During the early morning hours of April 12 prior to sunrise, Fog and low clouds developed across N/NE Texas and spread north into Oklahoma. Dense Fog Advisories were issued for portions of the region. At night in the absence of visible imagery, fog and low clouds are difficult to detect in single band satellite imagery. However, by combining multiple bands, such features stand out quite well.
One method of detecting fog and low clouds in GOES-16 imagery at night is to difference the 3.9 um and 11.2 um IR bands. How does this work? For low clouds and fog (water clouds), emissivity at 3.9 um is less than emissivity at 11 um. Therefore, low clouds and fog will appear cooler at 3.9 um than at 11 um (at night). So 3.9 um – 11 um difference will be negative for low clouds and fog at night (usually between -2 and -8 K). For high clouds at night, 3.9 um will be warmer than 11 um due to a greater response from the sub-pixel effect. Therefore, the 3.9 um – 11.2 um difference will be positive for high clouds at night. The difference for clear land will be near 0.
During the day, the sign for water clouds is flipped due to reflectance and scattering of solar radiation at 3.9 um. So 3.9 um will become warmer than 11 um, and the 3.9 um – 11 um difference positive during the day (usually less than 20 K). High clouds will generally have a greater positive 3.9 um – 11 um difference than low clouds during the day due to the sub-pixel effect. Fog detection and monitoring during the day, however, is generally done using visible imagery.

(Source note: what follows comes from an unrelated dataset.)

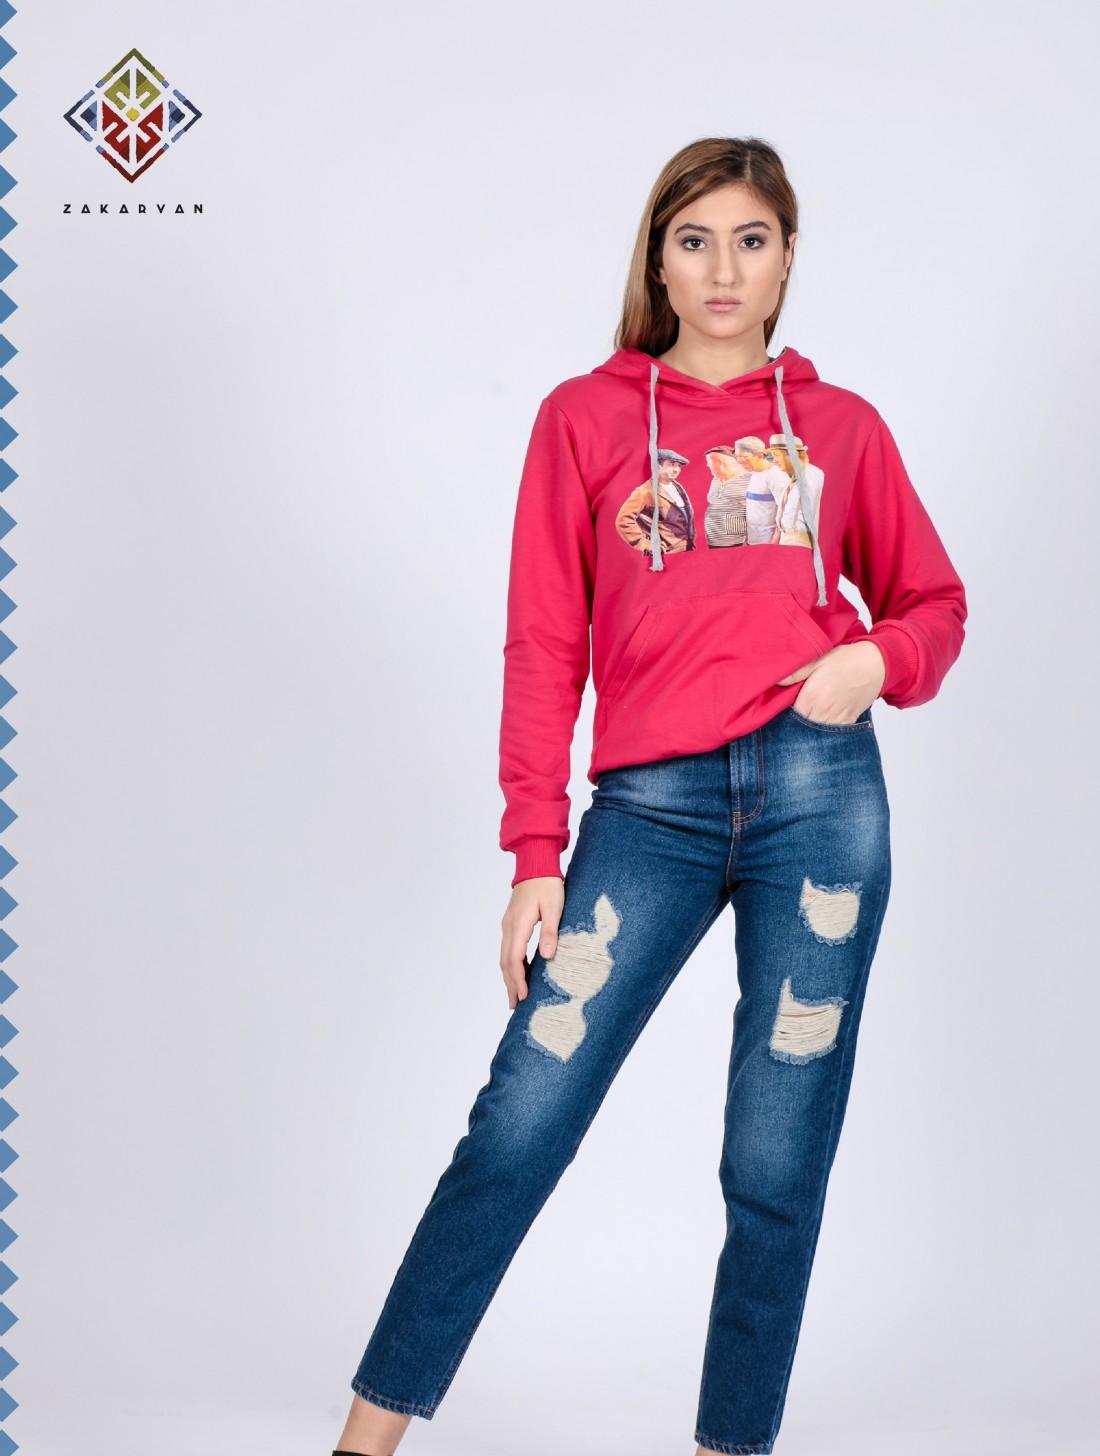 Lifehacks jeans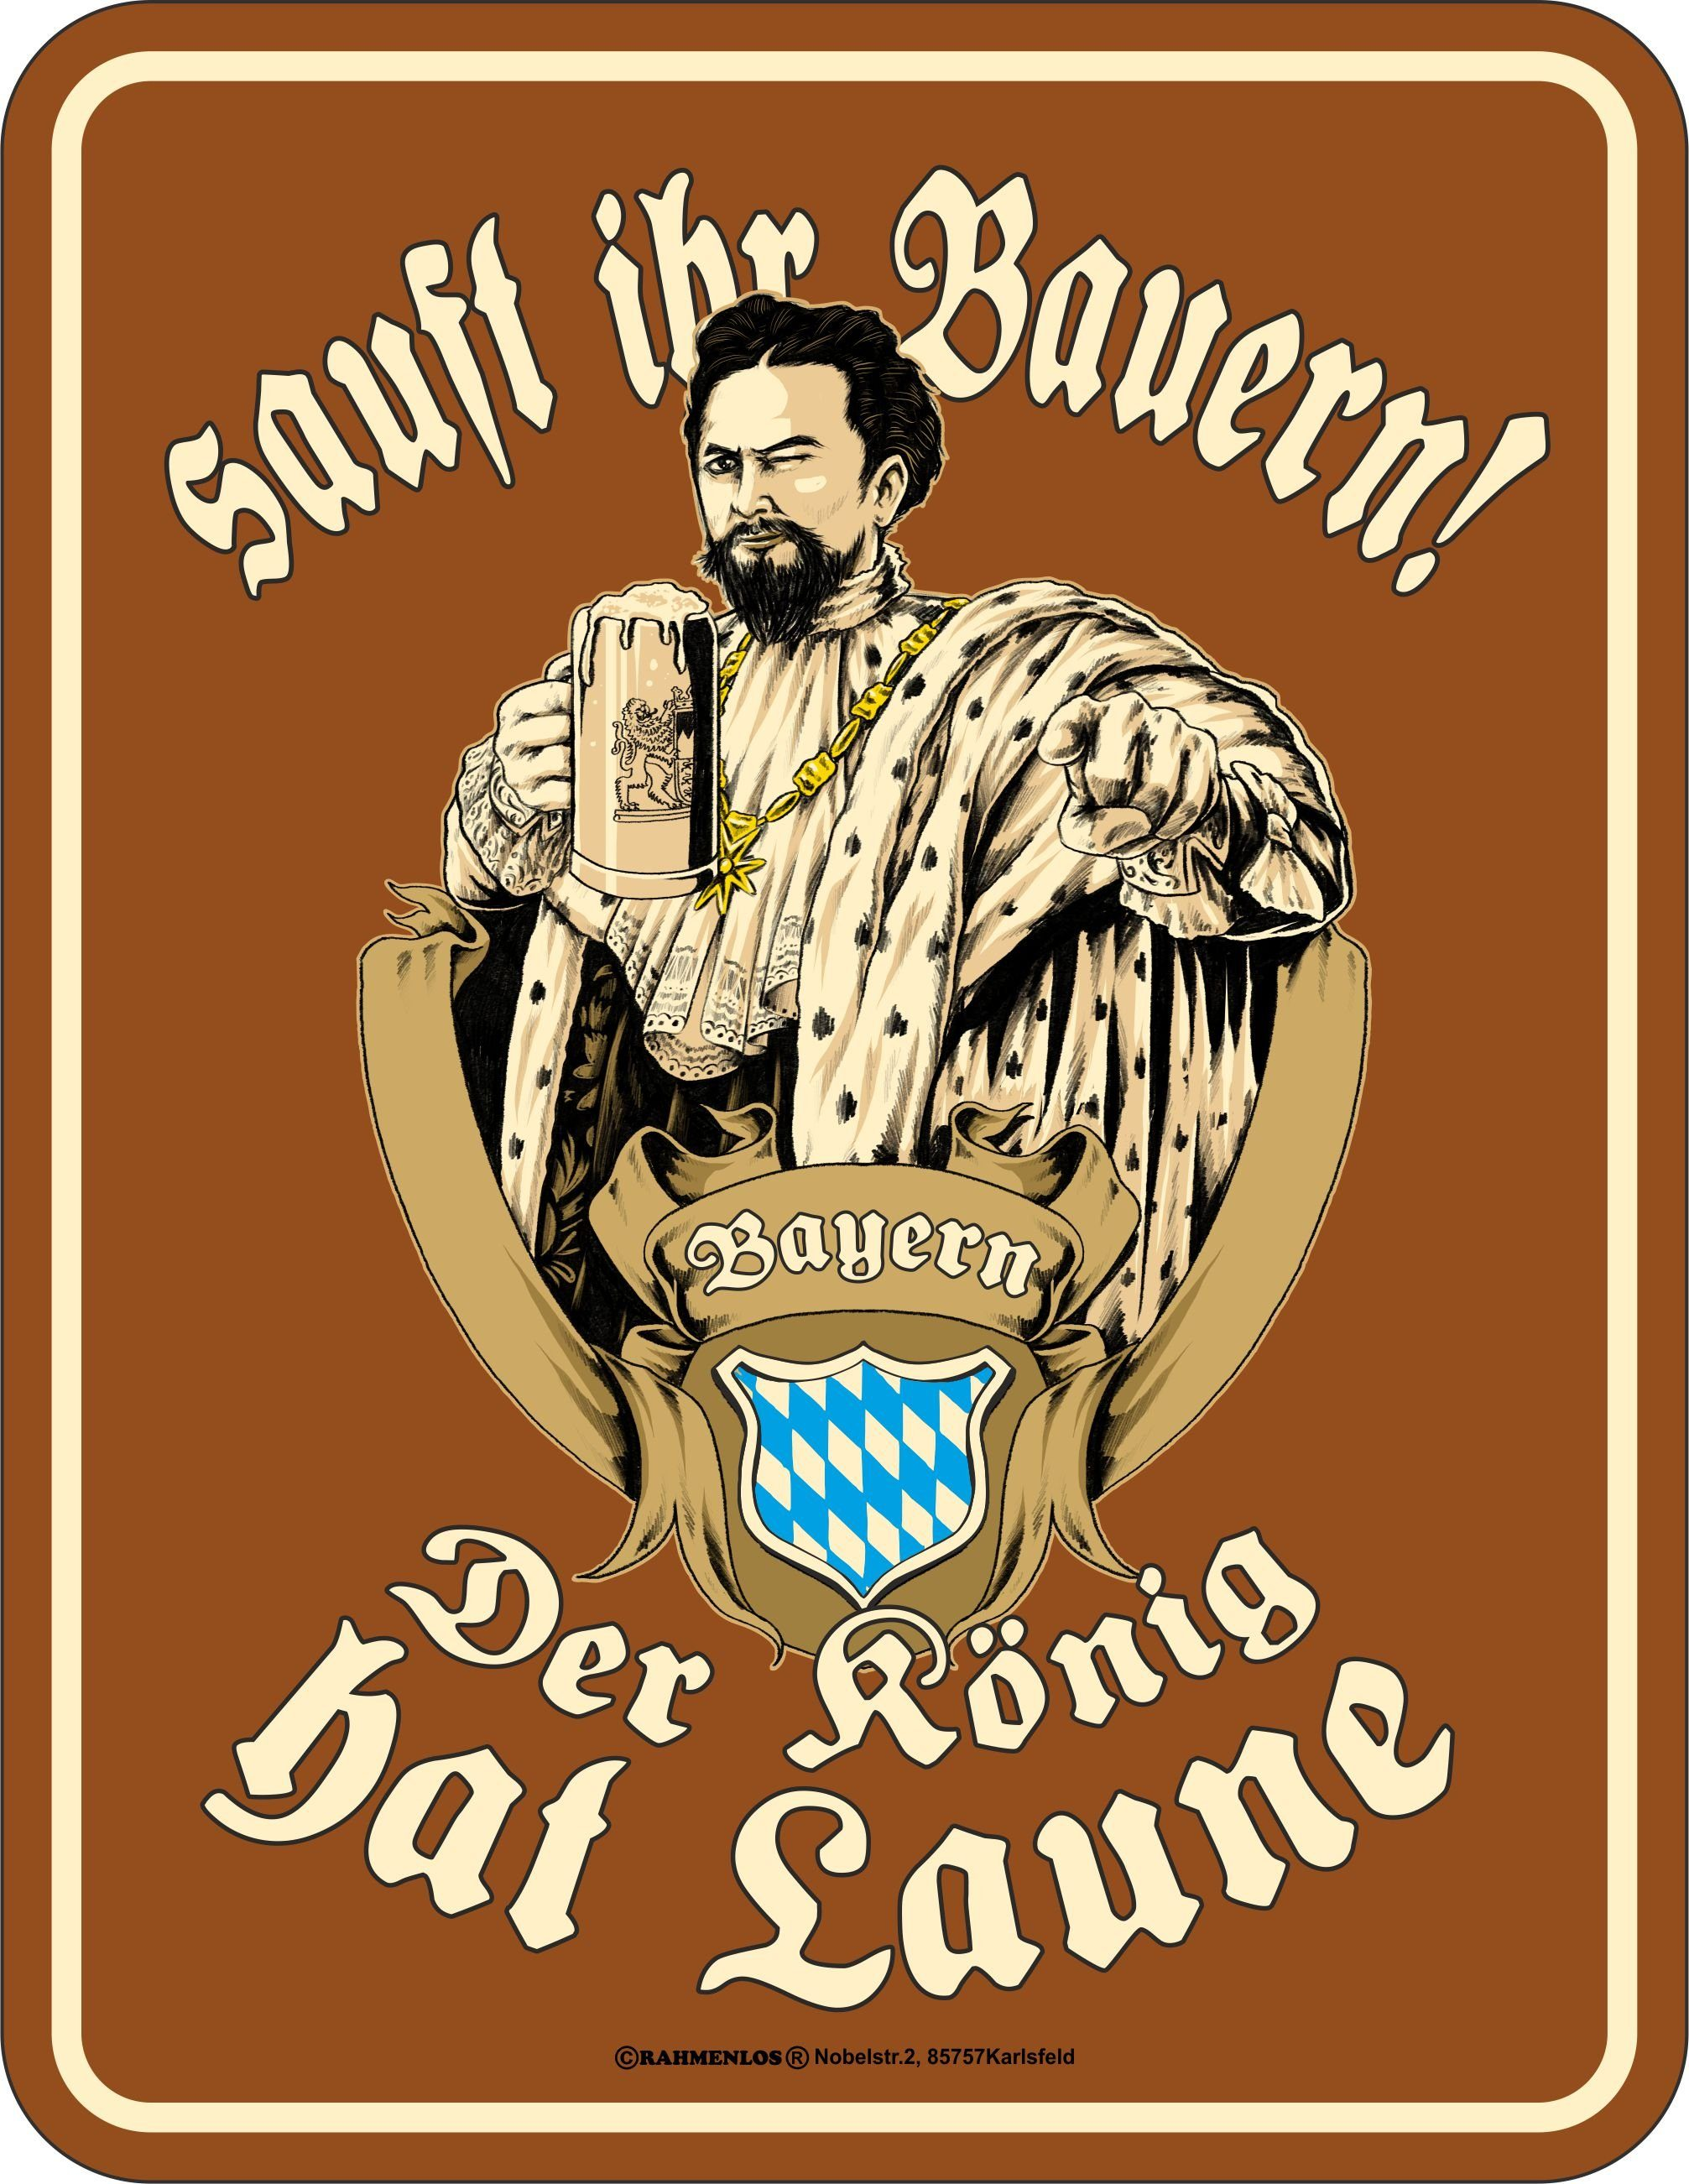 Rahmenlos Blechschild für den königstreuen Bayern-Fan

The 3.9 – 11.2 um difference example below uses a gray scale color table. At night, low clouds and fog will appear a dark gray, clear land a medium gray, and high clouds the lightest gray. In this example, there is a transition to visible imagery as the sun rises. The second animation is simply IR imagery, showing that IR imagery alone will not depict low clouds at night.